We developed Hi-C, an extension of 3C that is capable of identifying long range interactions in an unbiased, genome-wide fashion. In Hi-C, cells are fixed with formaldehyde, causing interacting loci to be bound to one another by means of covalent DNA-protein cross-links. When the DNA is subsequently fragmented with a restriction enzyme, these loci remain linked. A biotinylated residue is incorporated as the 5′ overhangs are filled in. Next, blunt-end ligation is performed under dilute conditions that favor ligation events between cross-linked DNA fragments. This results in a genome-wide library of ligation products, corresponding to pairs of fragments that were originally in close proximity to each other in the nucleus. Each ligation product is marked with biotin at the site of the junction. The library is sheared, and the junctions are pulled-down with streptavidin beads. The purified junctions can subsequently be analyzed using a high-throughput sequencer, resulting in a catalog of interacting fragments.
Direct analysis of the resulting contact matrix reveals numerous features of genomic organization, such as the presence of chromosome territories and the preferential association of small gene-rich chromosomes. Correlation analysis can be applied to the contact matrix, demonstrating that the human genome is segregated into two compartments: a less densely packed compartment containing open, accessible, and active chromatin and a more dense compartment containing closed, inaccessible, and inactive chromatin regions. Finally, ensemble analysis of the contact matrix, coupled with theoretical derivations and computational simulations, revealed that at the megabase scale Hi-C reveals features consistent with a fractal globule conformation.

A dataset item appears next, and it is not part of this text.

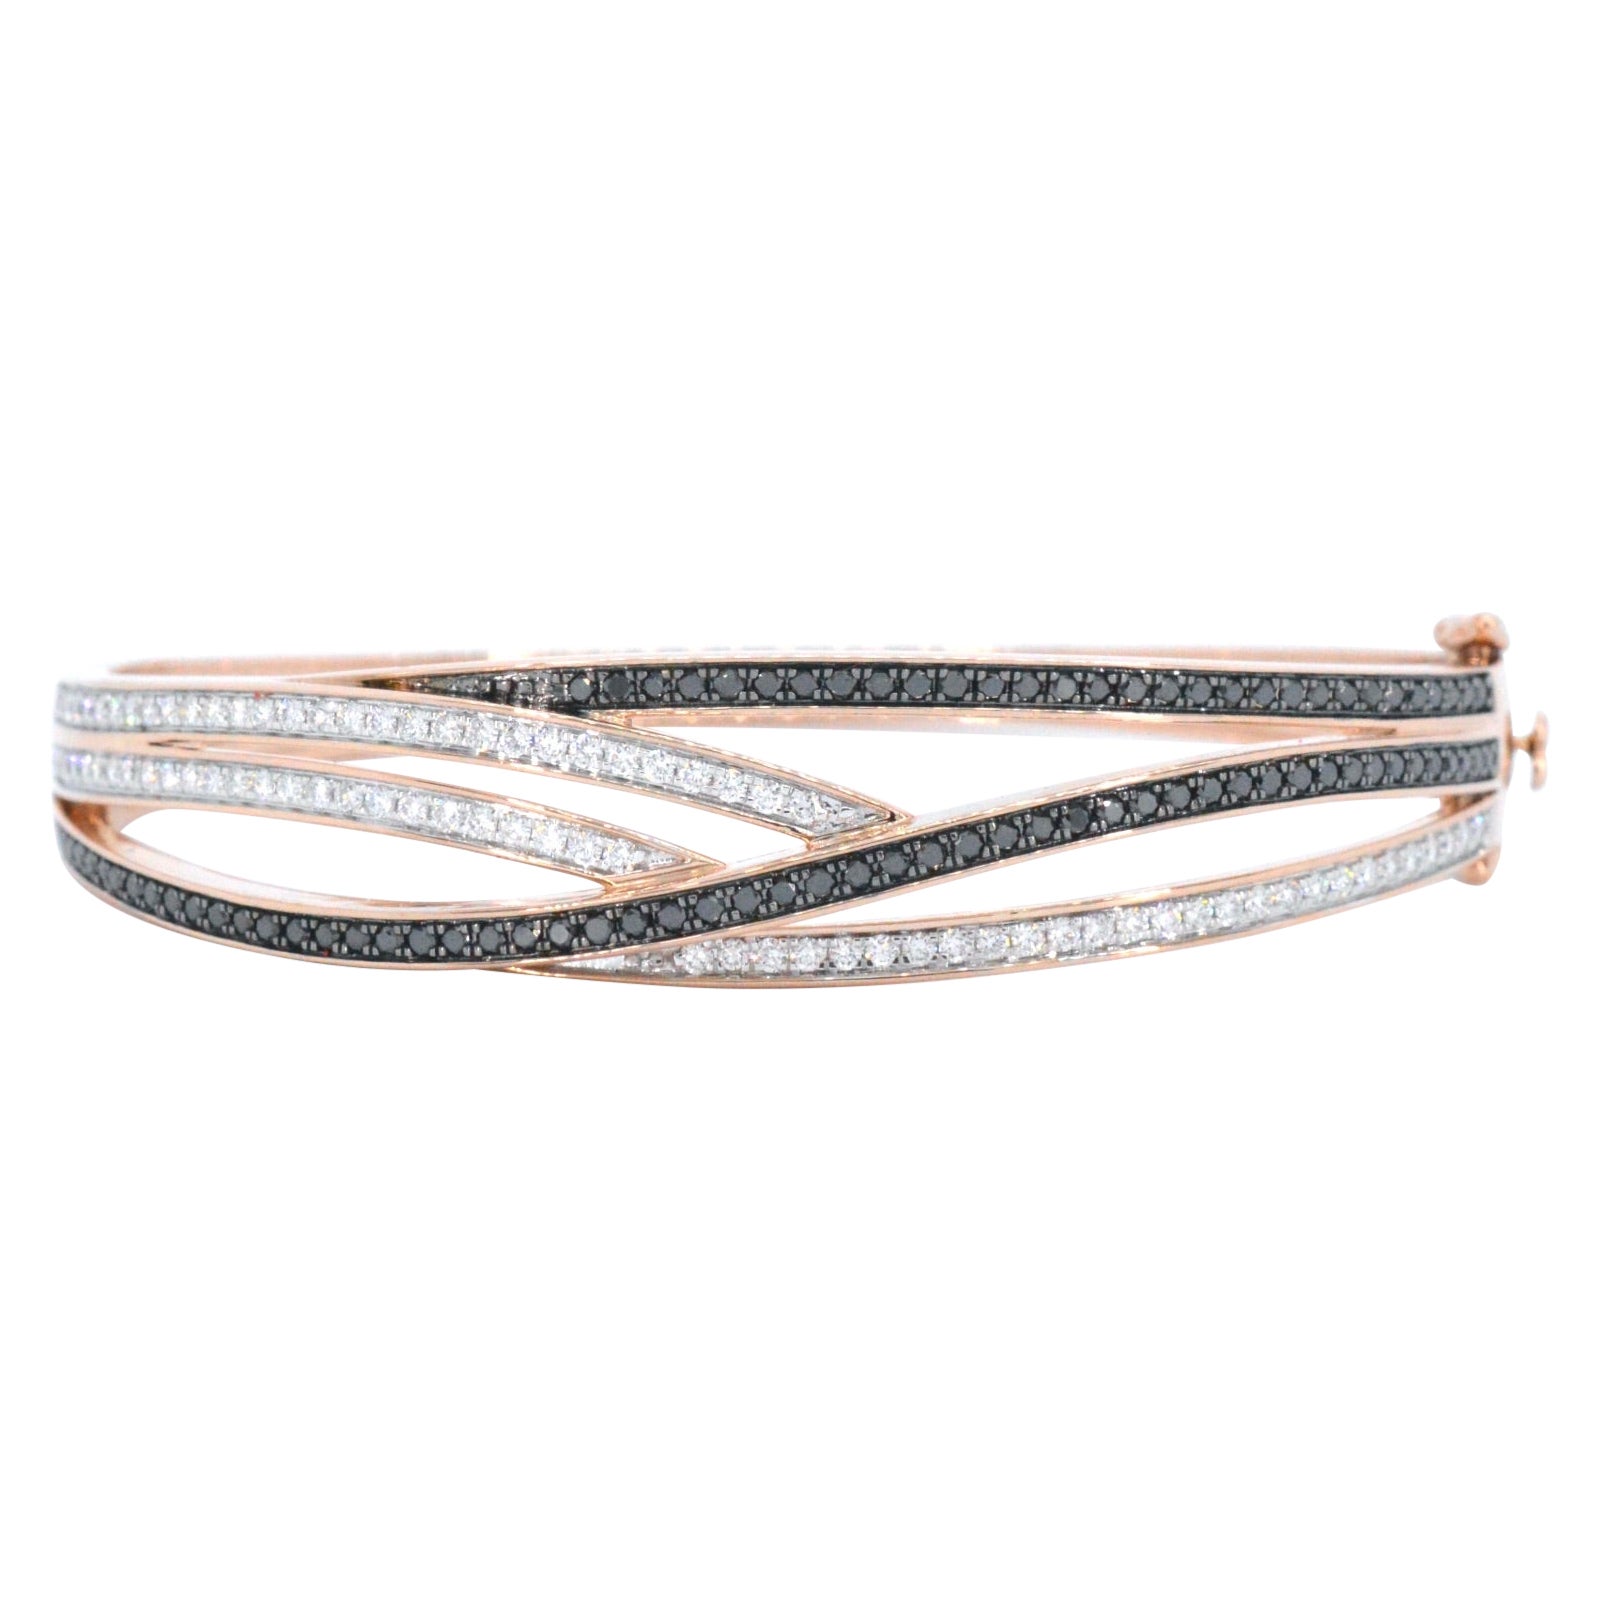 AIG Certified, Rose Gold Design Bracelet with White and Black Brilliant Diamond
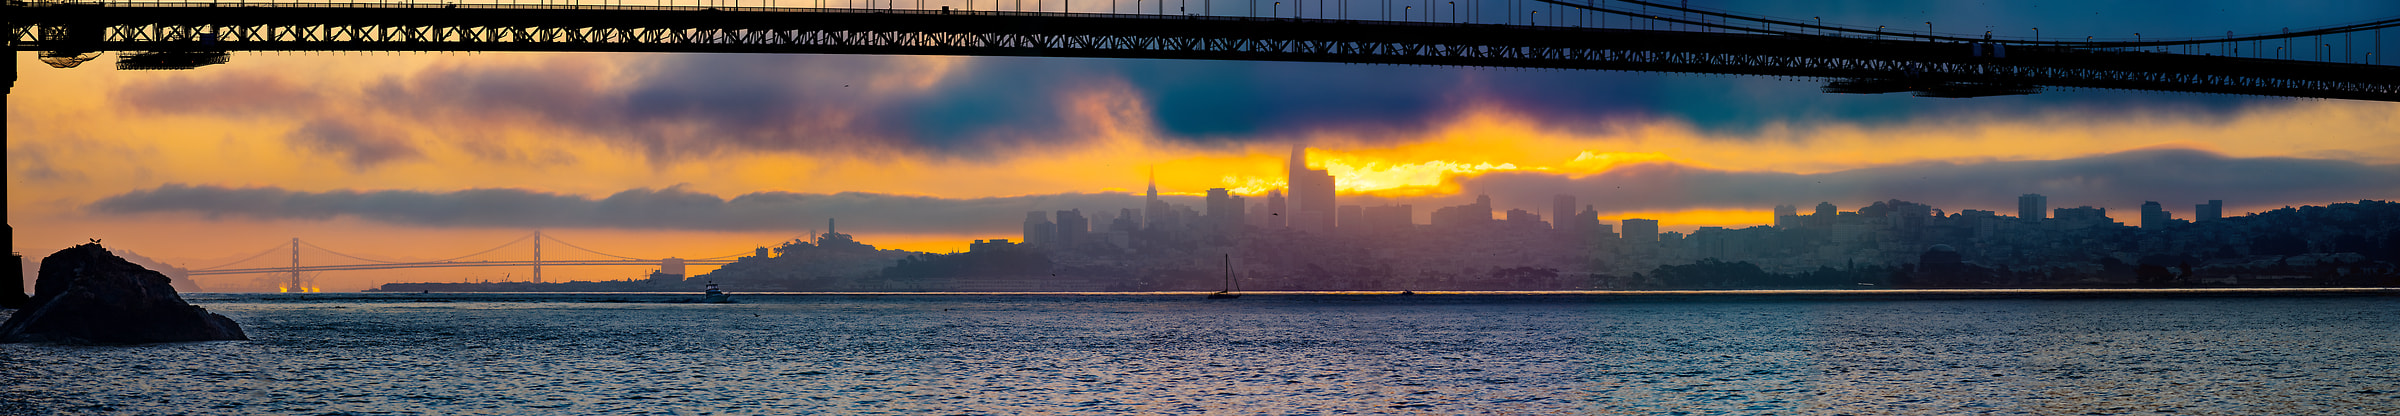 472 megapixels! A very high resolution, wide VAST photo print of sunrise and the San Francisco skyline; panorama photograph created by Nicholas Gonzales in Kirby Cove, Milly Valley, California.

This method was used in the research reported in Lieberman-Aiden et al., Science 326, 289-293 (2009).
I. Crosslinking, Digestion, Marking of DNA Ends, and Blunt-end Ligation
II. Shearing and Size Selection
III. Biotin Pull-down and Paired-end Sequencing
IV. Representative Hi-C Results
Figure 1. Hi-C overview. Cells are cross-linked with formaldehyde, resulting in covalent links between spatially adjacent chromatin segments (DNA fragments: dark blue, red; Proteins, which can mediate such interactions, are shown in light blue and cyan). Chromatin is digested with a restriction enzyme (here, HindIII; restriction site: dashed line, see inset). The resulting sticky ends are filled in with nucleotides, one of which is biotinylated (purple dot). Ligation is performed under extremely dilute conditions favoring intramolecular ligation events; the HindIII site is lost and an NheI site is created (inset). DNA is purified and sheared, and biotinylated junctions are isolated using streptavidin beads. Interacting fragments are identified by paired-end sequencing.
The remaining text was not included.